▶ _Given information_

++++++++++

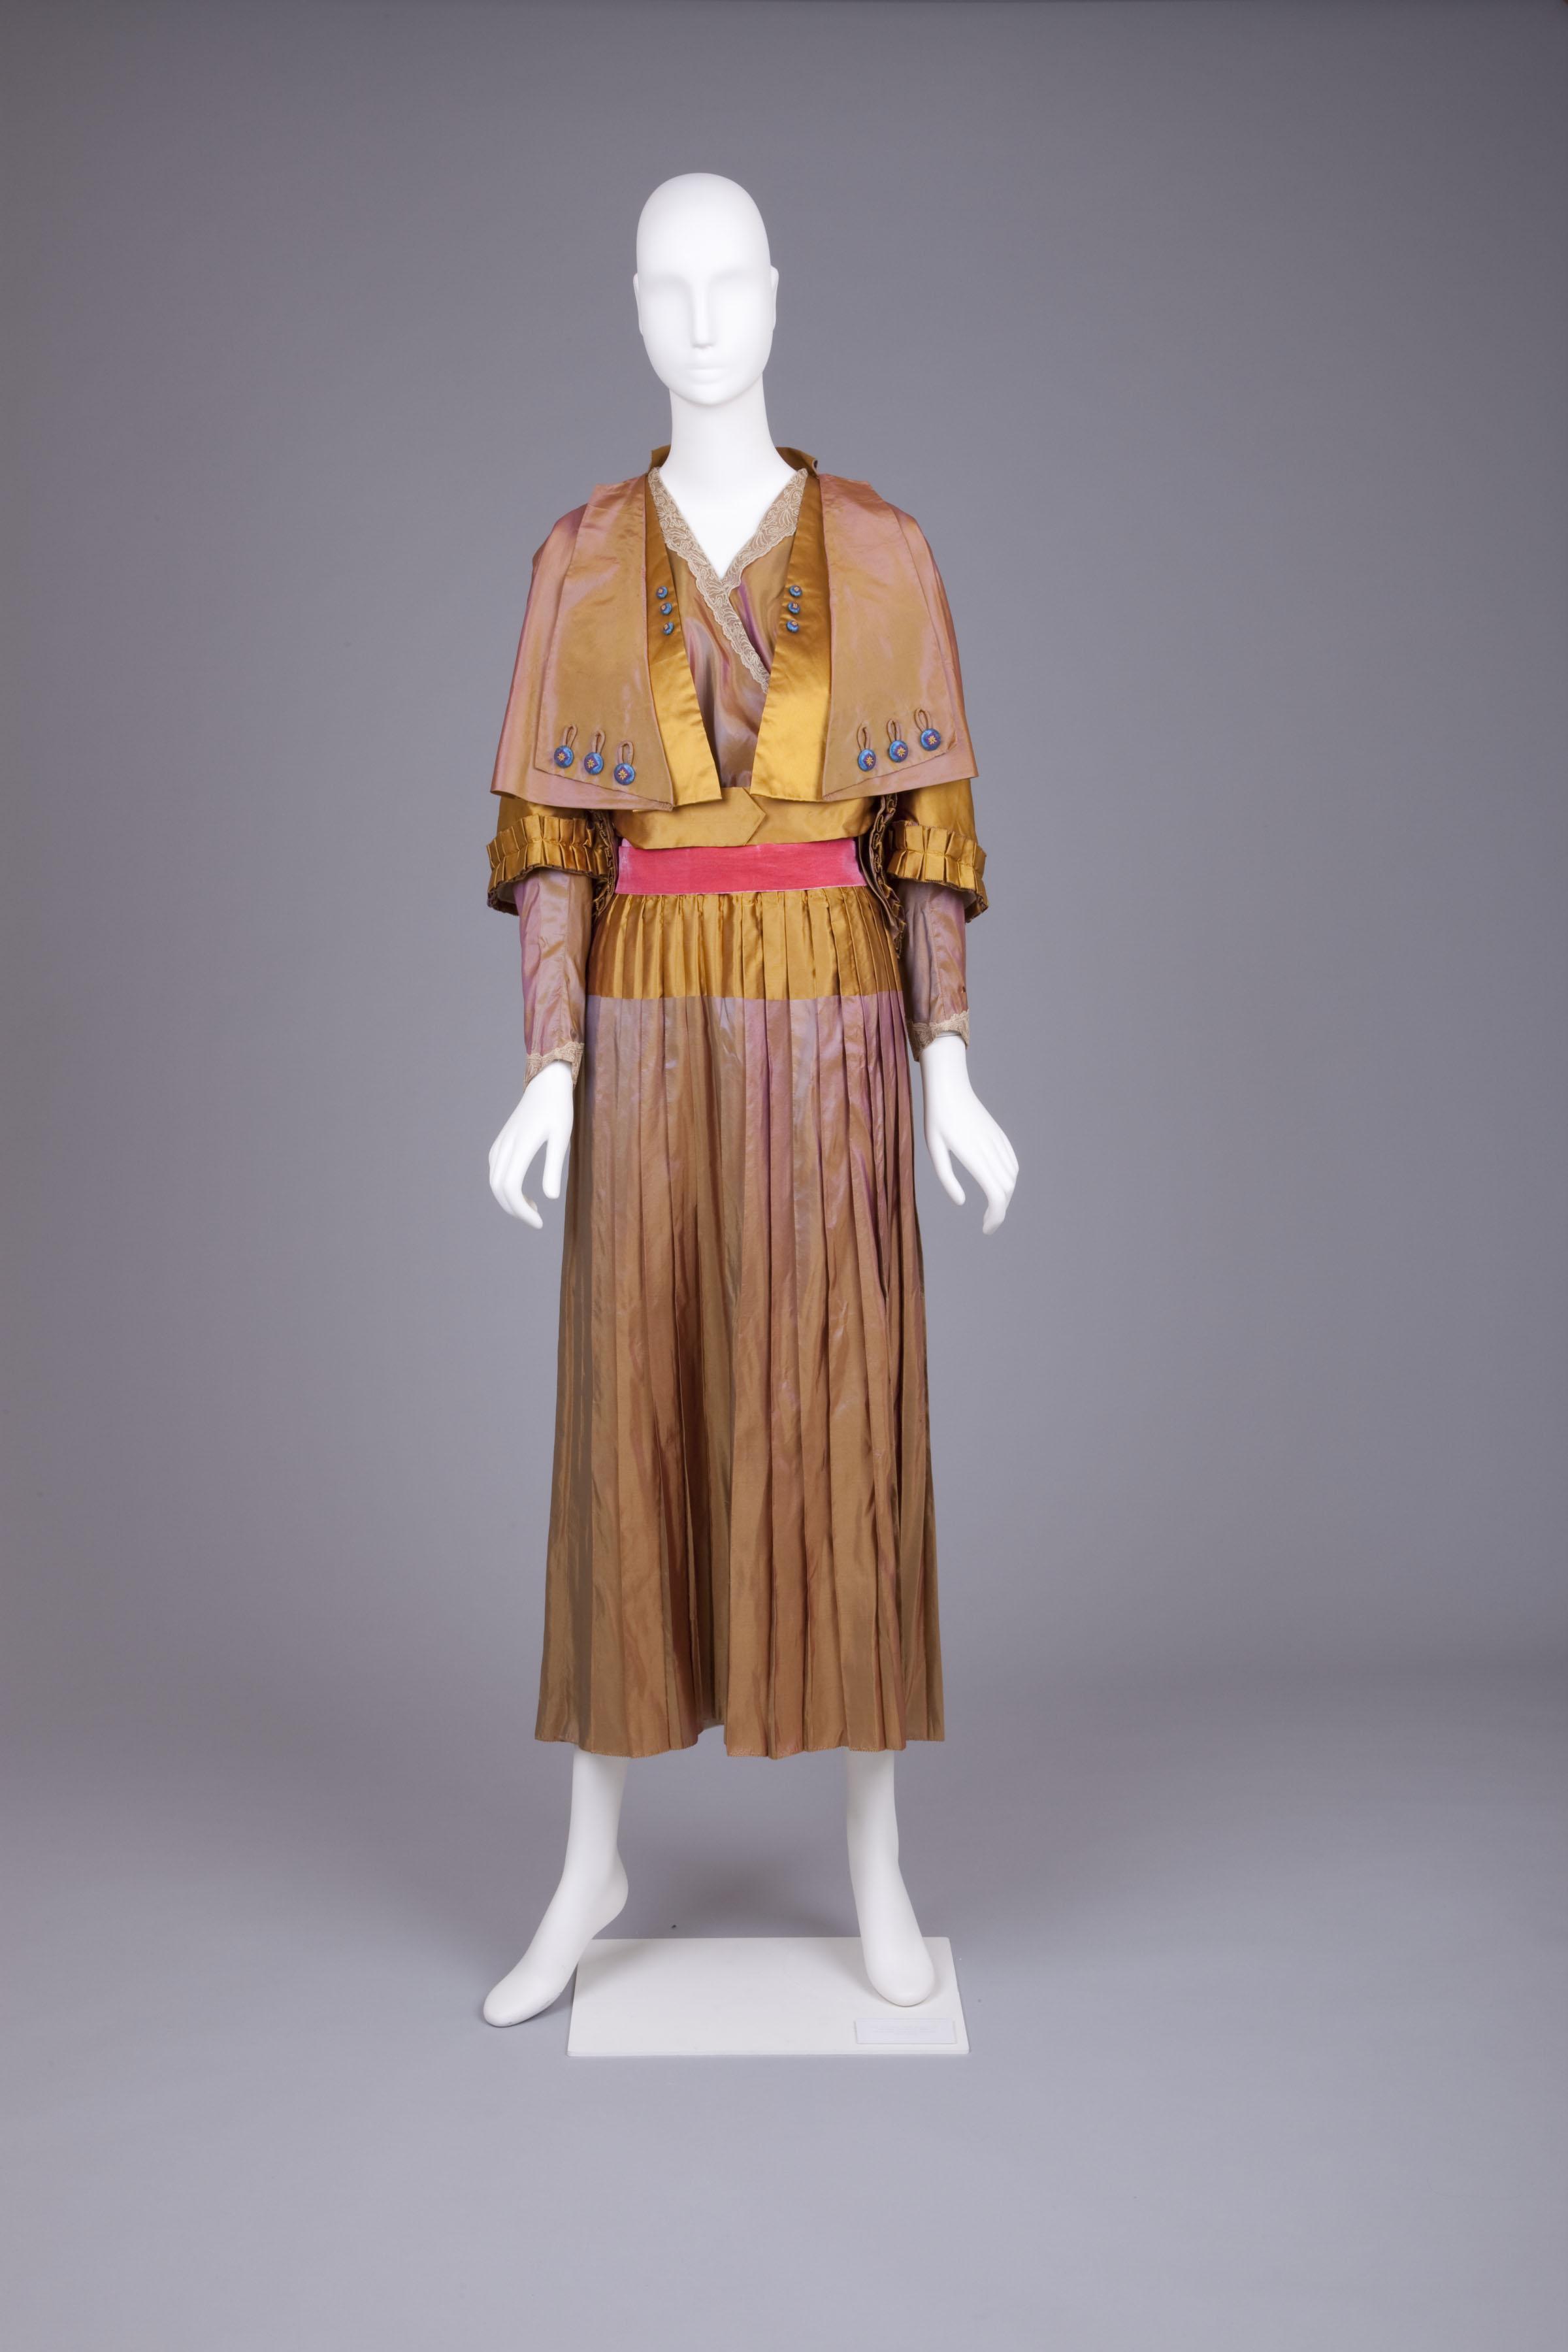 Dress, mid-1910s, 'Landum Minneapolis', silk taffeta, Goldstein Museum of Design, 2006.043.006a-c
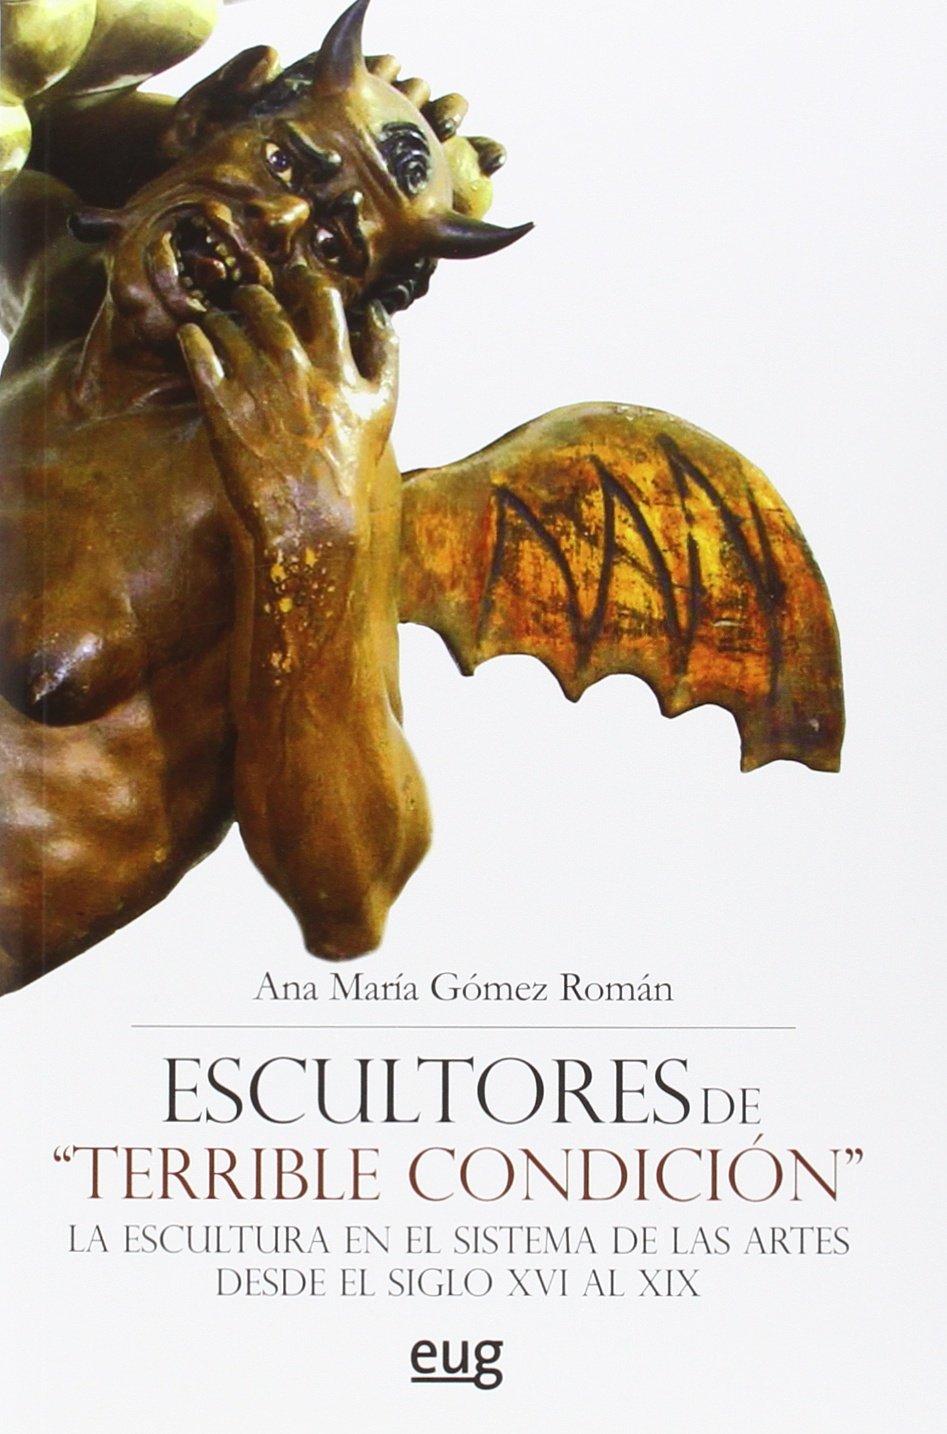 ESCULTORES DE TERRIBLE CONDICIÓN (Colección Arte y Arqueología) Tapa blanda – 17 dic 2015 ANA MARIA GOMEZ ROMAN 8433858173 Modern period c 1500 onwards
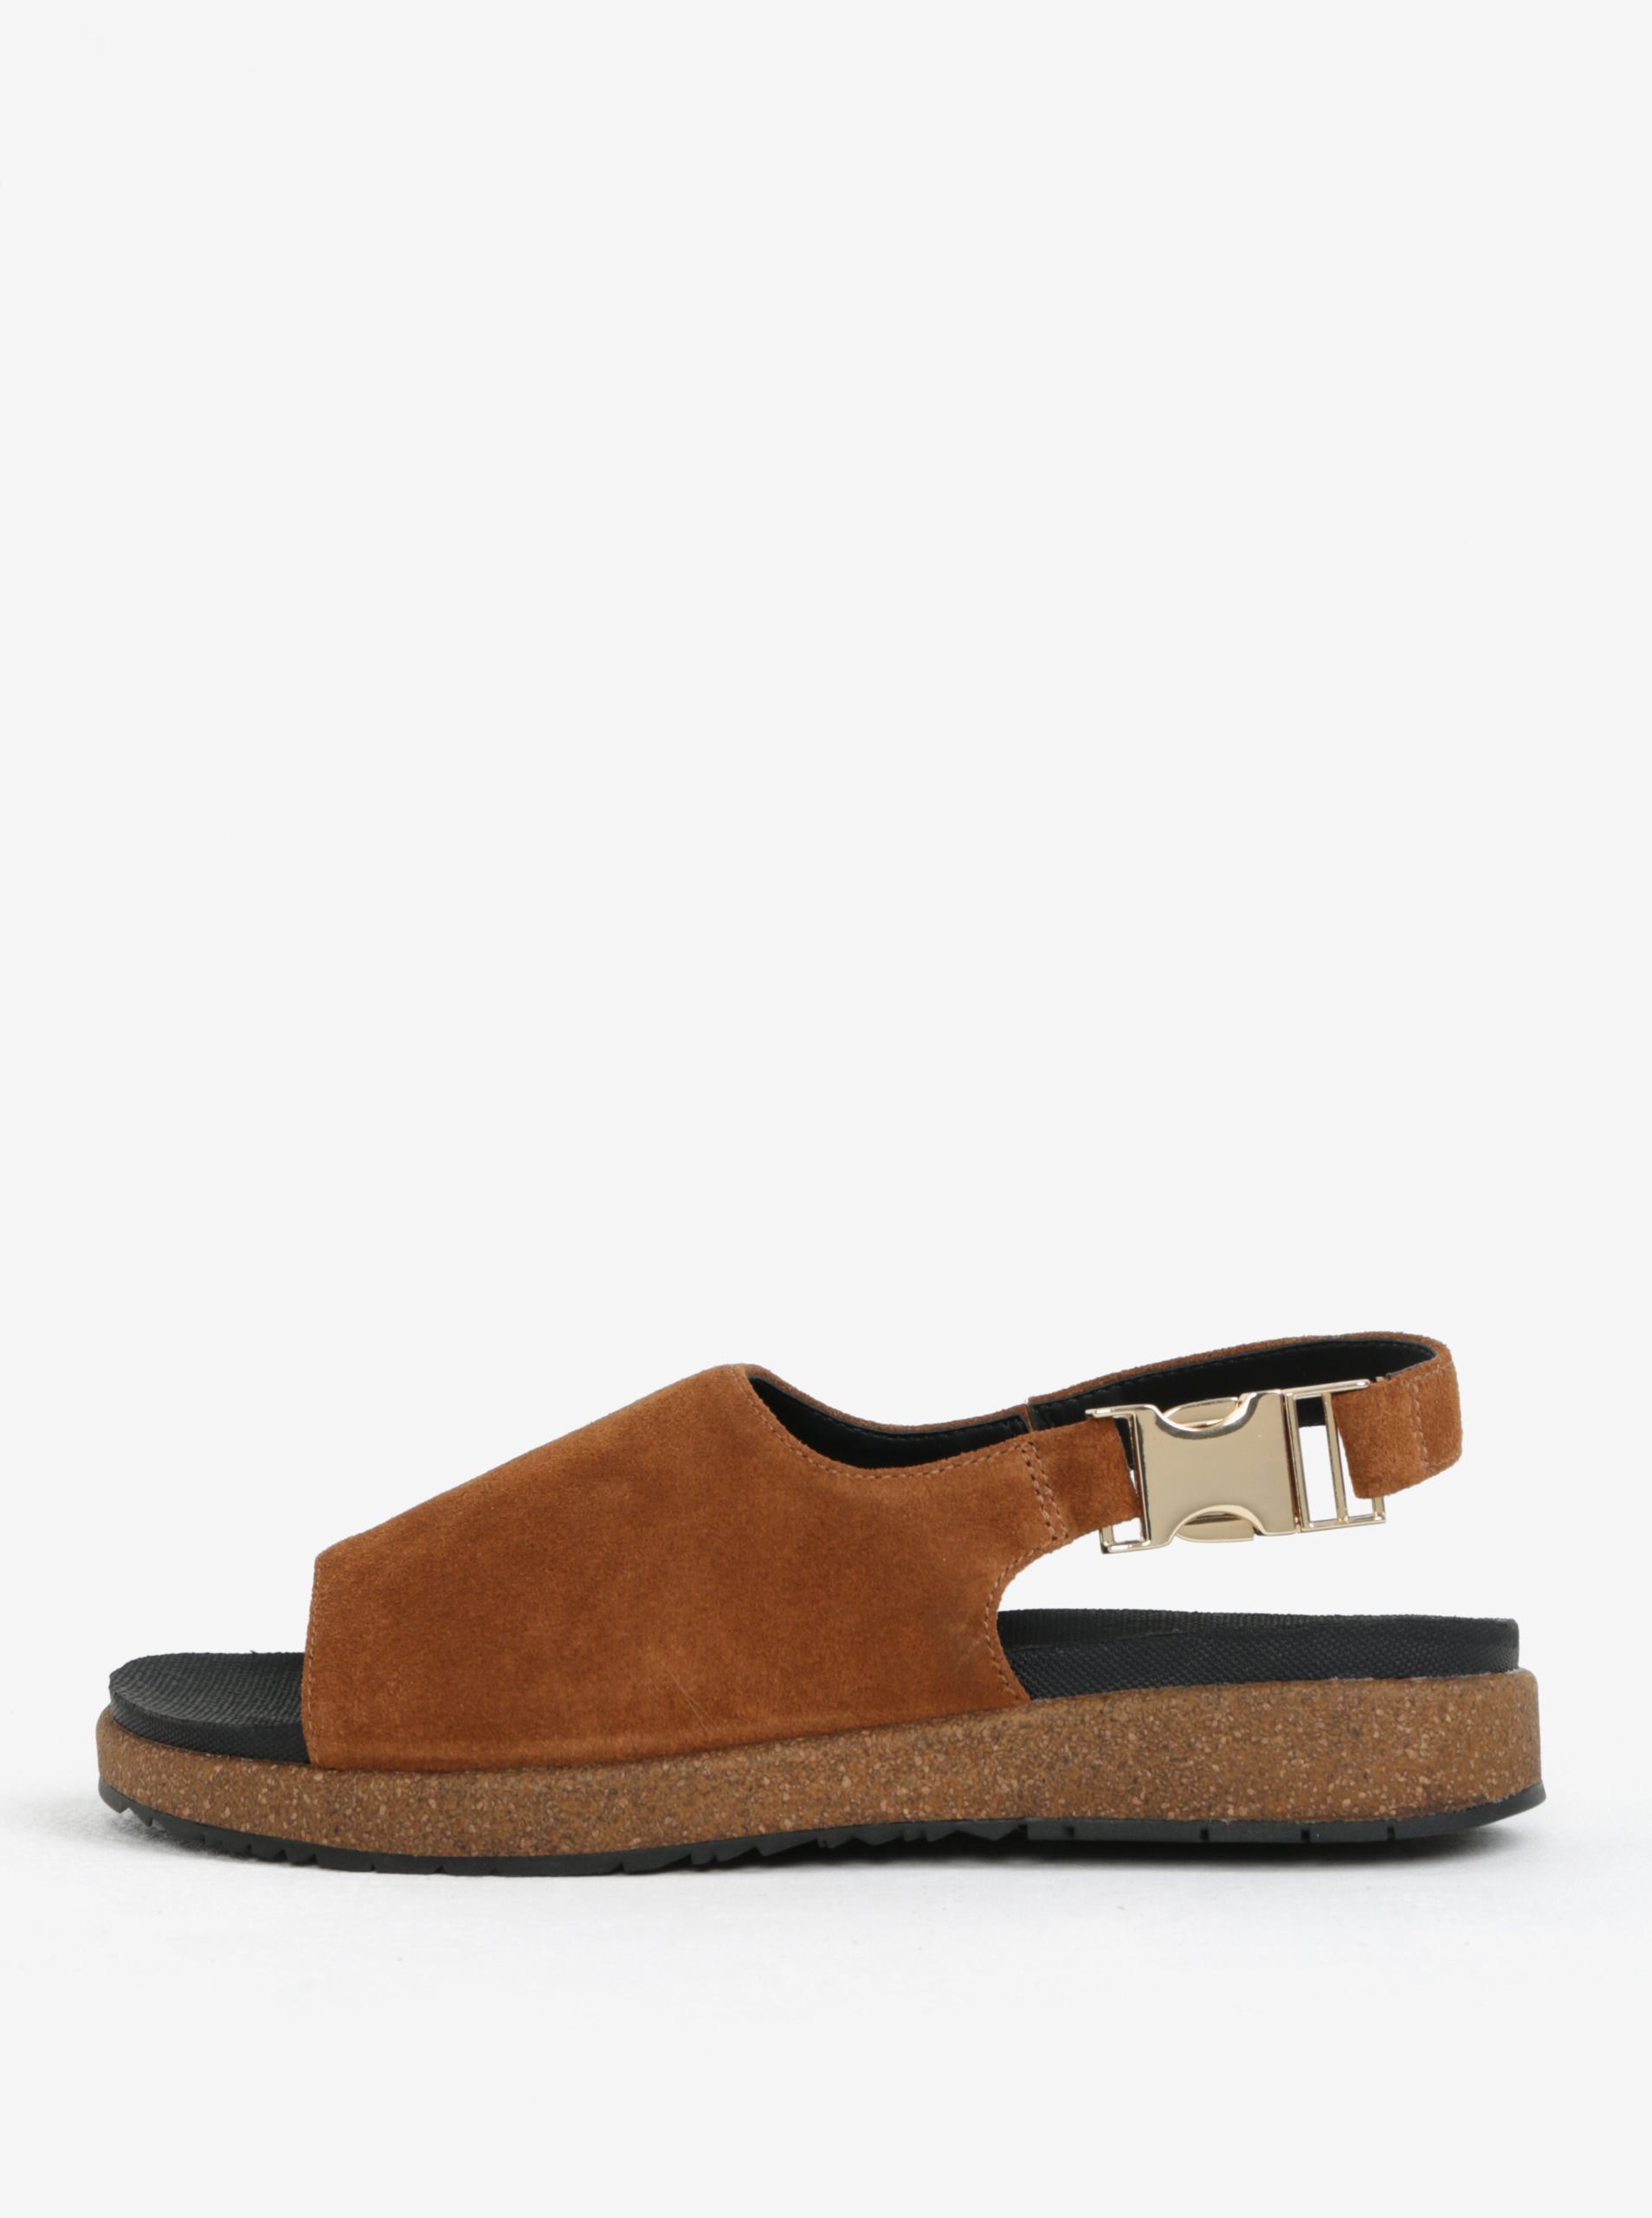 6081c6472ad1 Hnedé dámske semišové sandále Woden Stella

++++++++++

▶ _Work task_
Please retype the material above exactly, and omit its images.

▶ _Written solution_
 Dress, mid-1910s, 'Landum Minneapolis', silk taffeta, Goldstein Museum of Design, 2006.043.006a-c
 ESCULTORES DE TERRIBLE CONDICIÓN (Colección Arte y Arqueología) Tapa blanda – 17 dic 2015 ANA MARIA GOMEZ ROMAN 8433858173 Modern period c 1500 onwards
 6081c6472ad1 Hnedé dámske semišové sandále Woden Stella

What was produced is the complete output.